# I just dropped below 19 stone...



## Bigtallfatbloke (4 Aug 2007)

....for the first time in years...

...and i even had both feet on the scales!


----------



## Keith Oates (4 Aug 2007)

Good going, what's the next target weight and how long to get there!!!!!!!!!!!!!!


----------



## Steve Austin (4 Aug 2007)

Good work!


----------



## Dayvo (4 Aug 2007)

How tall are you BTFB? You should be able to comfortably lose 1-3 kg a week. What is your target weight? 

I'm 6'1'', 92 kg now and 18 kg less than I was 3-4 years ago, and that is mostly attributed to cycling regularly and eating sensibly.


Good luck, you'll get plenty of advice and support here.


----------



## Elmer Fudd (4 Aug 2007)

Did you have a curry then a good dump ?


----------



## Bigtallfatbloke (4 Aug 2007)

I am 6' 4" tall....targets are something I vowed to myself I would never 'do' again....I've had several overdoses of 'targets' in my life already!

So...my 'aim' is to simply keep cycling...that is it...nothing more complicated. I will have good and bad periods...I accept that....I will probably put weight on and take it off at different points....dunno...I'll wait and see.

I already eat sensibly. Well since I started cycling I find my body rejects junk food/chocolate/beer etc...it needs real food and gets it....courtesy of mrs BTFB (who is in fact very small and fit).

I'm just happy to see a drop in weight, but I am happier to see a drop in the inches around my belly more so. I have also noticed a few less groans and creeks from the bike this week!

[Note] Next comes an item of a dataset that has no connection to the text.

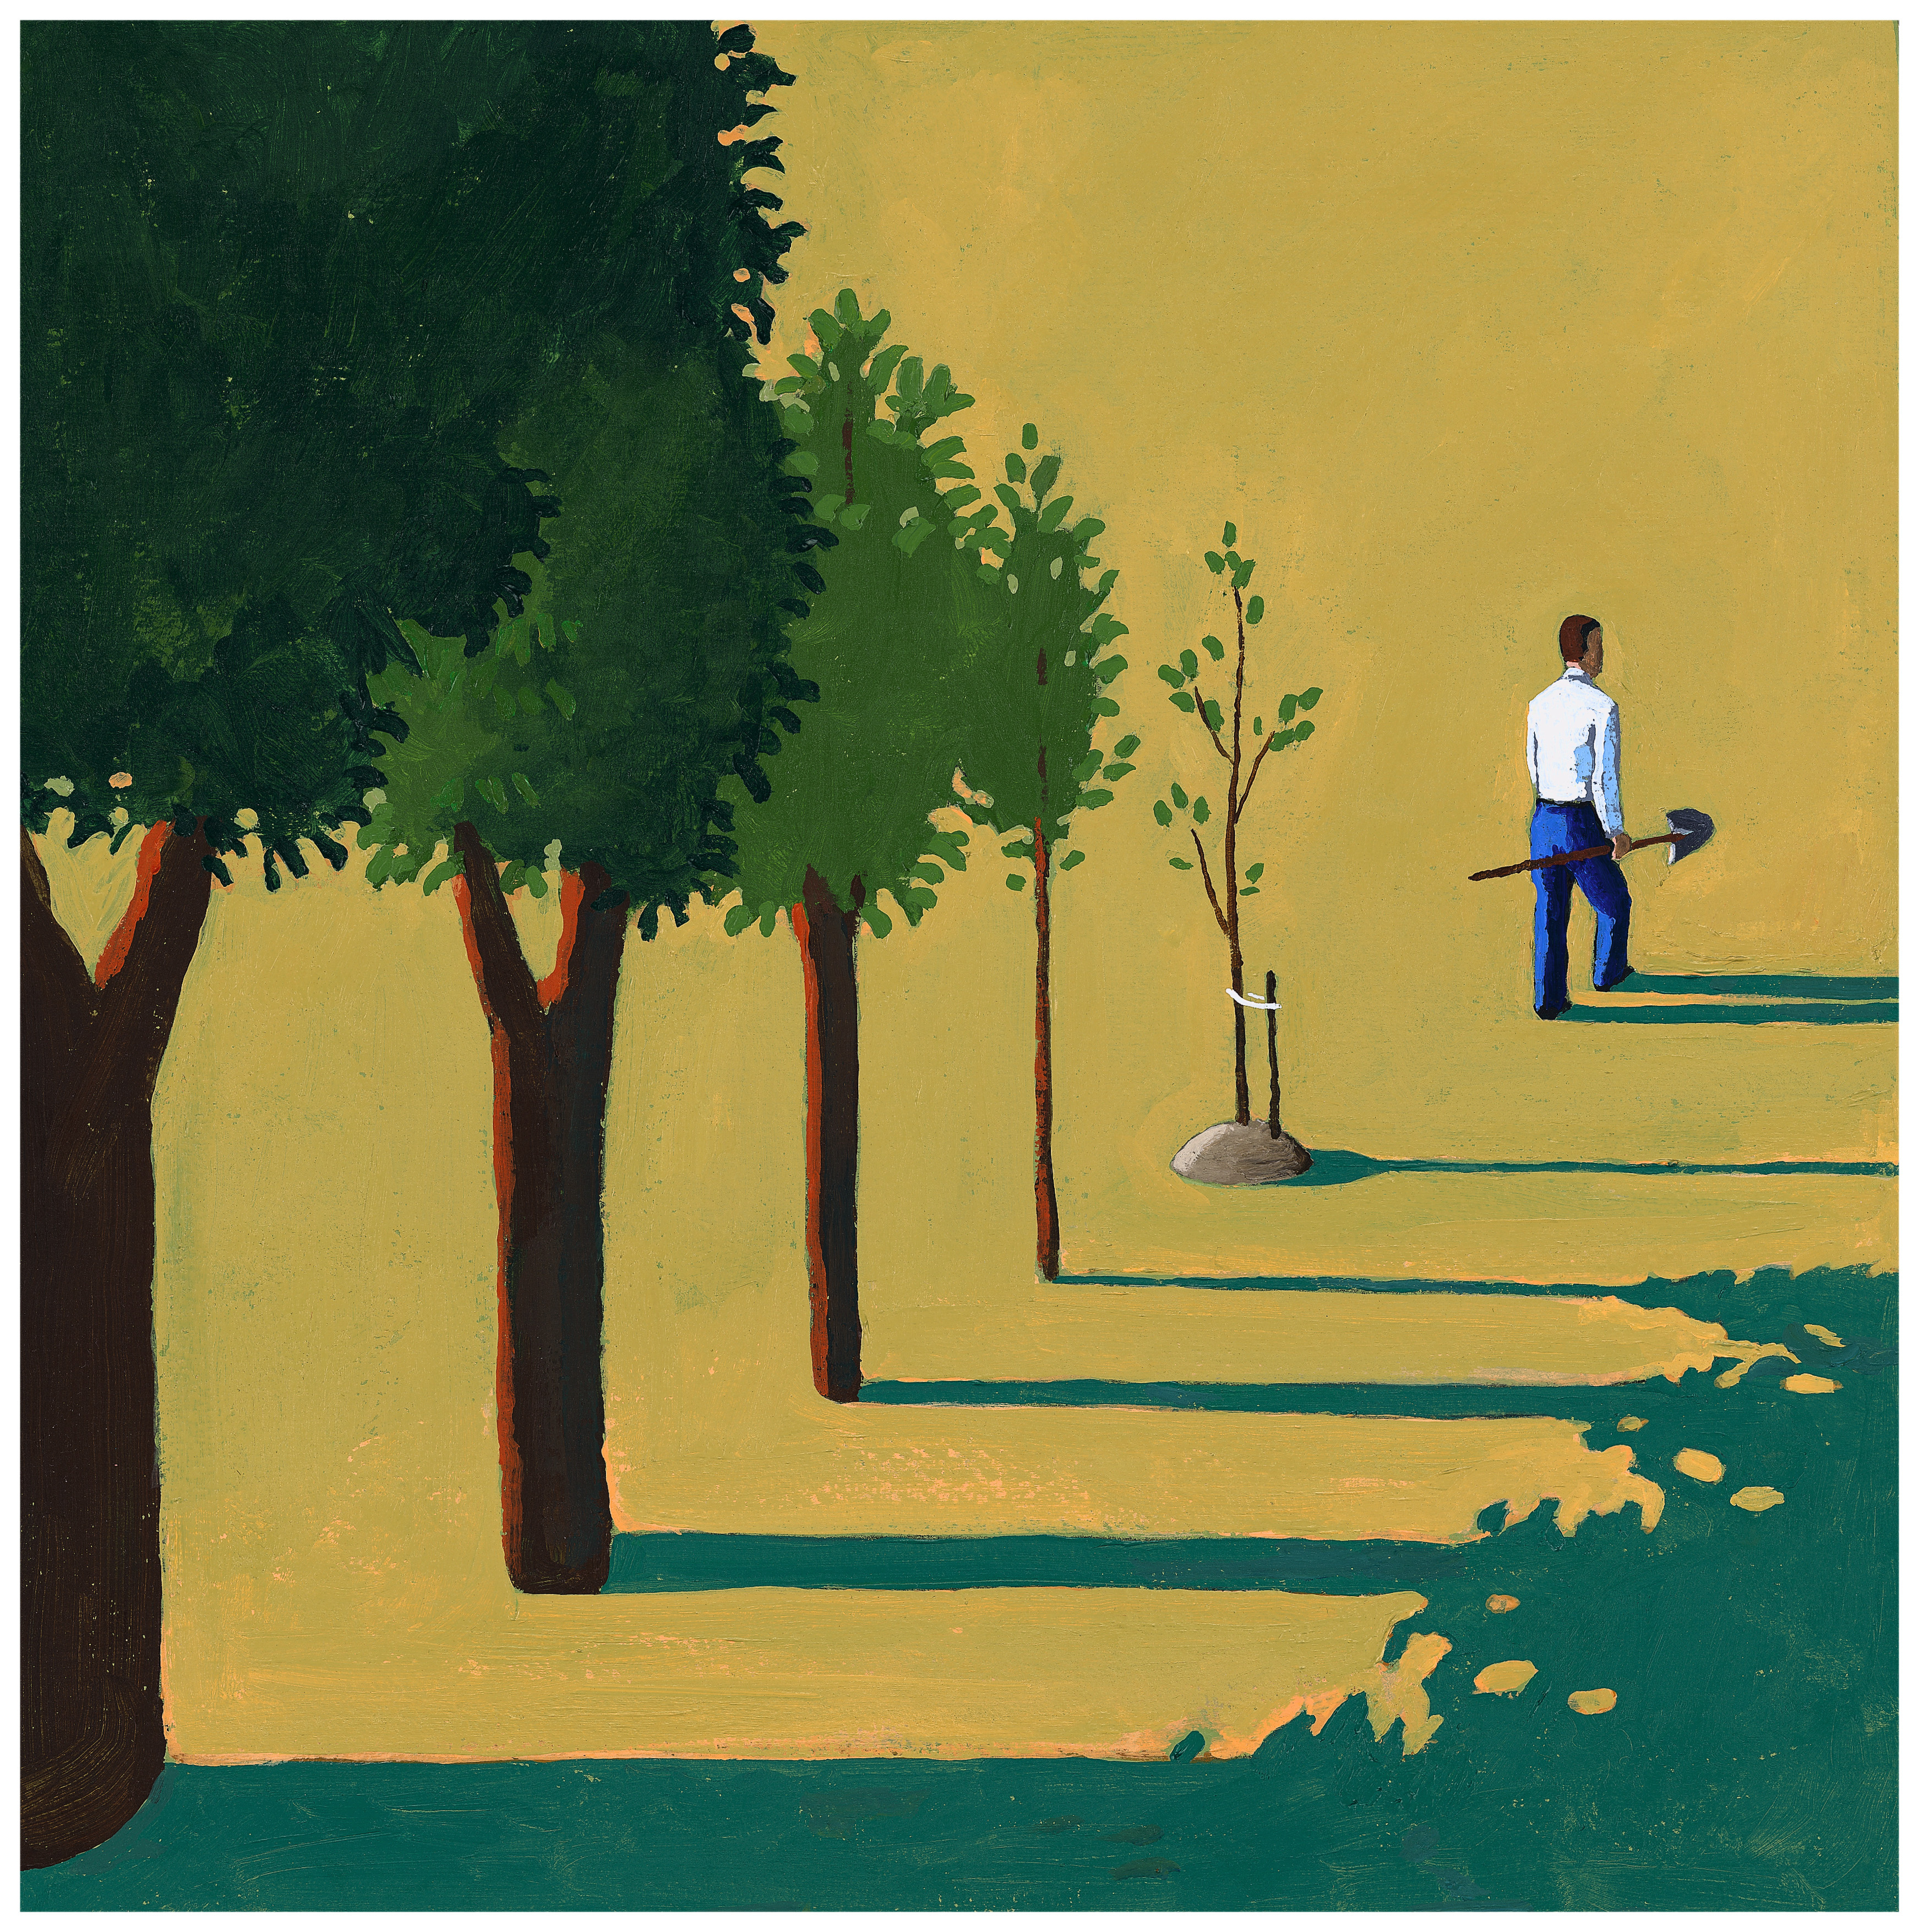 A drawing of a person holding a shovel and walking away from a row of recently planted trees.

...so....no targets for me...(they cause me stress and worry & failure in my experience)...I'll just keep on keeping on...day by day...week by week...and one day I will get where ever the hell I am going


----------



## Blue (4 Aug 2007)

Well done BTFB.

I once tipped the scales at 16st 2lb, but now weigh 12st 1lb (I'm a lot smaller than you so our 'stoutness' may have been similar). I can vouch for the fact that your enjoyment on the bike will rise as your weight falls. Good luck


----------



## Fab Foodie (4 Aug 2007)

Eat some pies....quick!
Otherwise you'll have to be AverageTallSkinnyBloke and it doesn't have the same ring to it!

Congrats btw.


----------



## chris42 (4 Aug 2007)

well done!
I have 0.4 kgs to go to get to 100 kgs down from 116kgs in November


----------



## Shaun (4 Aug 2007)

Excellent, well done BTFB


----------



## beanzontoast (4 Aug 2007)

Whatever you're doing seems to be working for you, which is the main thing. Well done!


----------



## gbyers (4 Aug 2007)

Well done BTFB.

I think you're right not to set targets. Exercise more and eat healthily and you will lose weight and be fitter. It will happen!. 

Getting hung up on the reading on the scales is incidental and a bit irrelevant of you just do what makes happy and stick with the programme.


----------



## yenrod (5 Aug 2007)

Bigtallfatbloke said:


> ....for the first time in years...
> 
> ...and i even had both feet on the scales!




Its soo easy to just live a sedimentary lifestyle nowadays.

Everythings geared up towards now.

Today, whilst walking down a shopping area I not just walked past people - noticed them and seen how big they are compared to when I was a kid: its soo noticeable...


Its imperative that kids are told time and again that what you eat has to be burnt off otherwise you lifestyle will not be good.

*Sense and sensibility *


----------



## clefty (7 Aug 2007)

Good work big man, its taken me about a year to get down from 120kilo to around 98 (I'm 6ft) and that too is just a mixture of decent eating and lots of cycling, slow and steady is definitely the way - keep at it!


----------



## wafflycat (7 Aug 2007)

Well done! Reject targets and reject set weight loss rates as that can just mean you set yourself up for failure if you don't meet a target or set weight loss. Do what works for you. Best of luck.


----------



## Bigtallfatbloke (9 Aug 2007)

Thanks all for the ncouragement!

I have started doing some regular sit ups as well now in an attempt to shift belly bulk. It's working....I can do sets of 25 sit ups with a minute break...and above all....I can see my feet again

...I reckon when I get back from my trip I will be able to 'modify' my username


----------



## Dayvo (9 Aug 2007)

Bigtallfatbloke said:


> I have started doing some regular sit ups as well now in an attempt to shift belly bulk.




Your one-pack will soon multiply!


----------



## Big Bren (9 Aug 2007)

Sit-ups won't shift it per se, but they'll make what's revealed by continuing to lose body fat look much more impressive. Plus, it's always good to build core strength.

Way to go BFTB - you're an inspiration to BFTB's everywhere!

Bren


----------



## Big Bren (24 Aug 2007)

Knackered?


----------



## Elmer Fudd (24 Aug 2007)

He'll be BigTallFinBloke, with thighs a weightlifter would die for


----------



## alecstilleyedye (24 Aug 2007)

like your style bftb, chuck those scales OUT


----------



## Hugo15 (24 Aug 2007)

Great effort BTFB. Keep it up!


----------



## wafflycat (24 Aug 2007)

I know I'm in weightloss overdrive when I read the trucated thread title on the front page as *"I just dropped..."* and auto-complete it in my head as *"I just dropped ... a dress size"*

Sigh...


----------



## Dayvo (25 Aug 2007)

wafflycat said:


> I know I'm in weightloss overdrive when I read the trucated thread title on the front page as *"I just dropped..."* and auto-complete it in my head as *"I just dropped ... a dress size"*
> 
> Sigh...



Sorry to lower the tone, but I immediately thought 'I just dropped my guts'.


----------



## beanzontoast (26 Aug 2007)

Good going!


----------